No politician, once he gains power, wishes to reduce the scope of his own power. The climate change agenda is just too tempting. By spending on green energy, taxing carbon, and regulating emissions, governments gain a stranglehold on the energy sector – and with it they gain the power to redirect spending to constituencies and extract contributions from lobbyists. In many cases, government officials engage in outright corruption; their control of the energy sector makes possible graft on an enormous scale, as has been alleged or proven in Russia, Brazil, Nigeria, Kazakhstan, and other states.

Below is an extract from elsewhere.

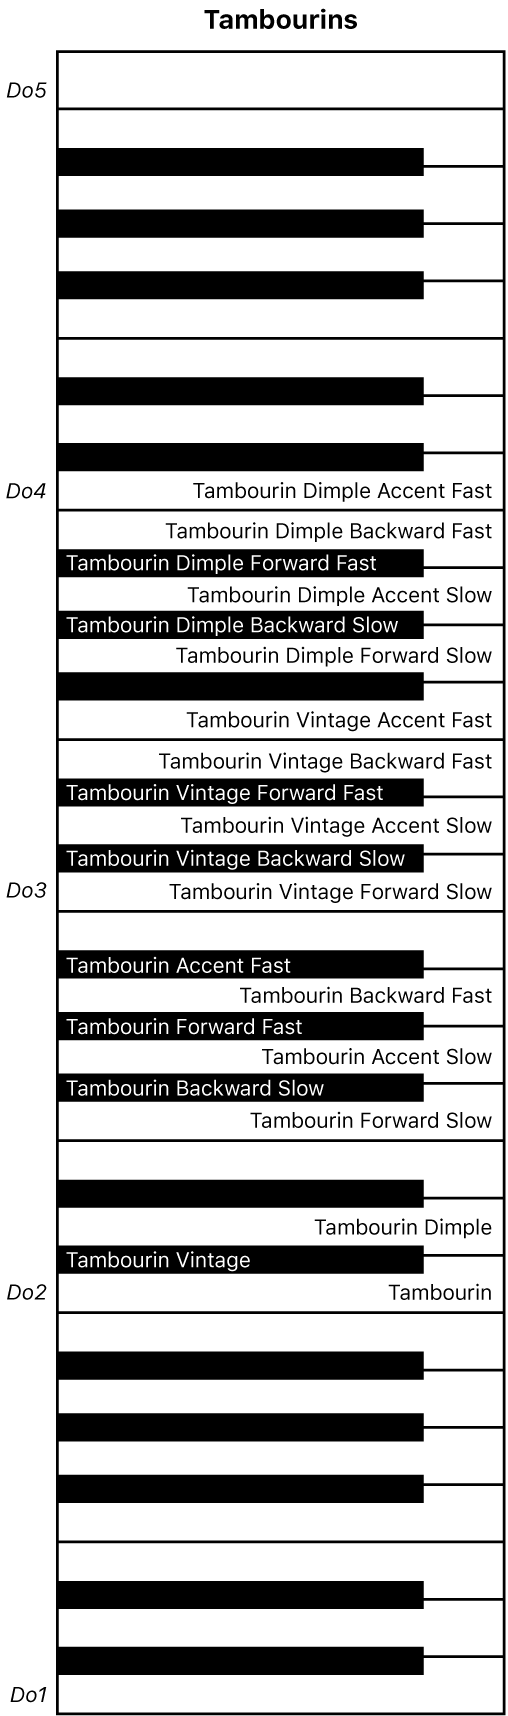 Figure Plan du clavier de performance Tambourins.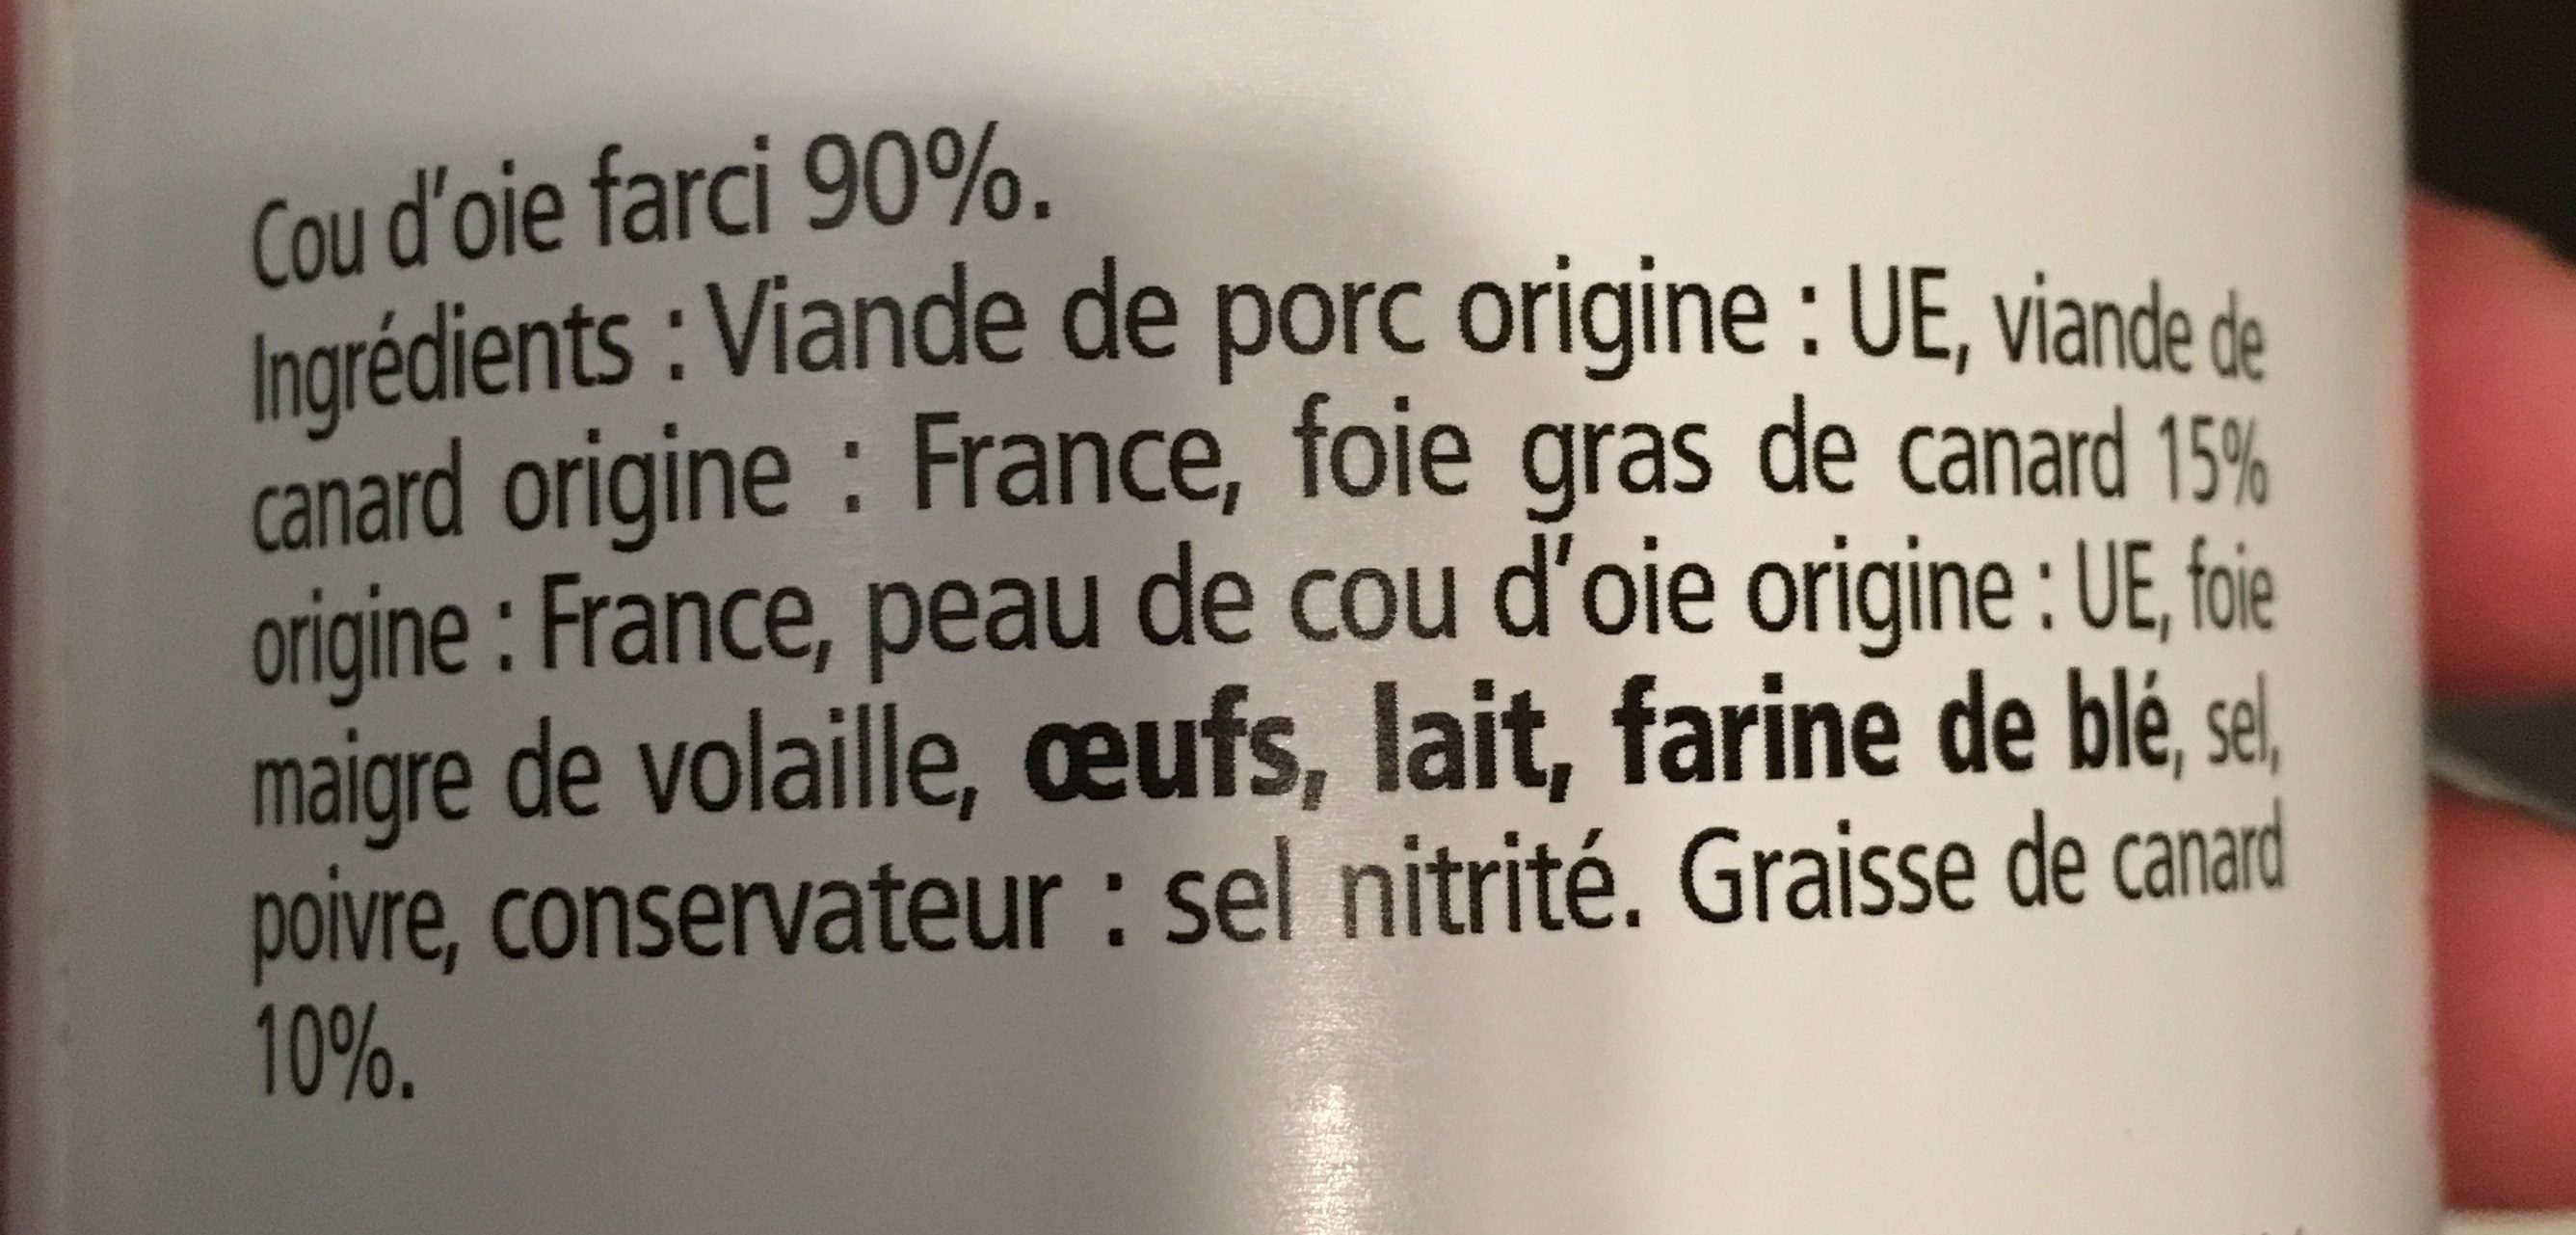 Cou d'Oie Farci - Ingredients - fr

While Lomborg's analysis of the economics of climate change spending is compelling, it doesn't go far enough. It quite properly labels green spending as wasteful, but it fails to highlight the real motive for that spending. Everyone from world leaders and corporate CEOs on down to the leaders of environmental non-profits and media commentators has a stake in promoting climate alarmism. The energy sector, comprising some 8% of global GDP, is simply too tempting. At this point, everyone has their fingers stuck in the pie, and it is unlikely they will extract them any time soon.

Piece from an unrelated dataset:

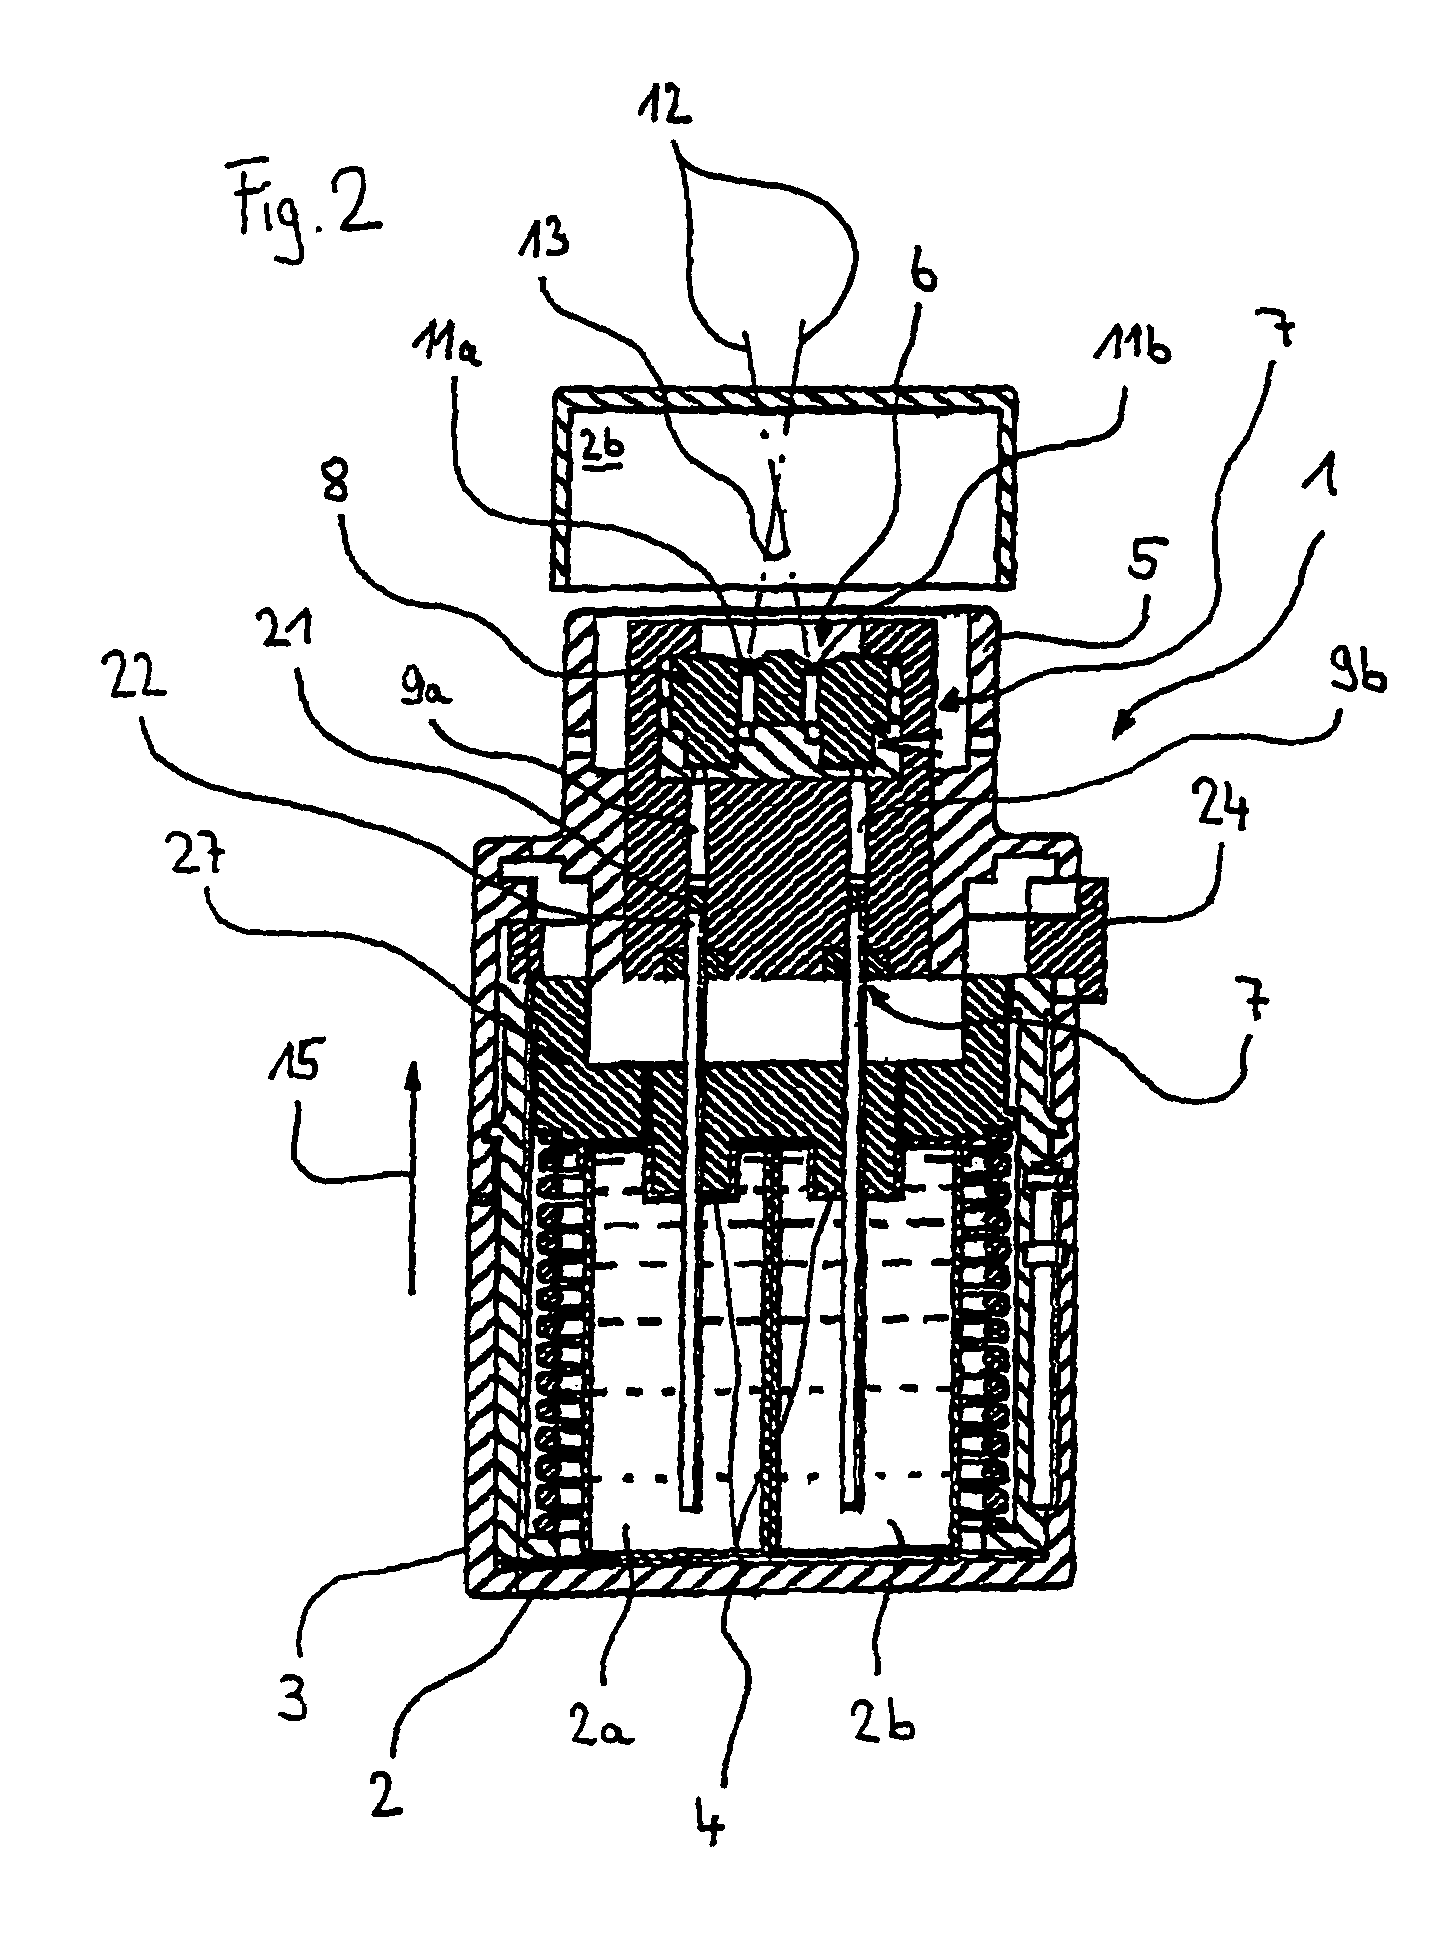 Atomizer for dispensing liquids for medical purposes

Conservatives should be grateful to Lomborg for his keen analysis of just how ineffectual the environmentalist response to global warming has been. But Lomborg is not a free-market conservative. Redirecting the flow of global warming funds to "more worthy" state-sponsored projects is not the same as allowing the free market to operate as it should, unfettered by government mandates, regulation, and excessive taxation. Lomborg's seemingly worthwhile project of ameliorating climate change – for example, by spending more state funds on green technologies rather than restricting carbon usage – is just another statist approach to a problem that doesn't exist.
If man-made warming is growing as slowly as Lomborg suggests and natural inputs account for a significant percentage of warming over the past century (with essentially no warming over the past 15 years), why should governments be entrusted with trillions in revenues to spend on new technologies, given their disastrous record so far? Lomborg makes a strong case against government regulation of carbon, but his support for an aggressive program of green technology development sounds a lot like one million Solyndras.
Bjorn Lomborg offers a brilliant and clear-sighted analysis of the failings of the climate alarmism, but his thinking, if carried to its natural conclusion, does not support increased government spending on green energy technologies. Rather, it points to an embrace of the free market unburdened by government control. For more than two decades, Lomborg has courageously defied climate alarmists by forcing them to account for the costs of their green energy "solutions." The next logical step would be for him to admit that with energy production, as with all other sectors of the economy, laissez-faire capitalism works best.
Jeffrey Folks is the author of many books and articles on American culture including Heartland of the Imagination (2011).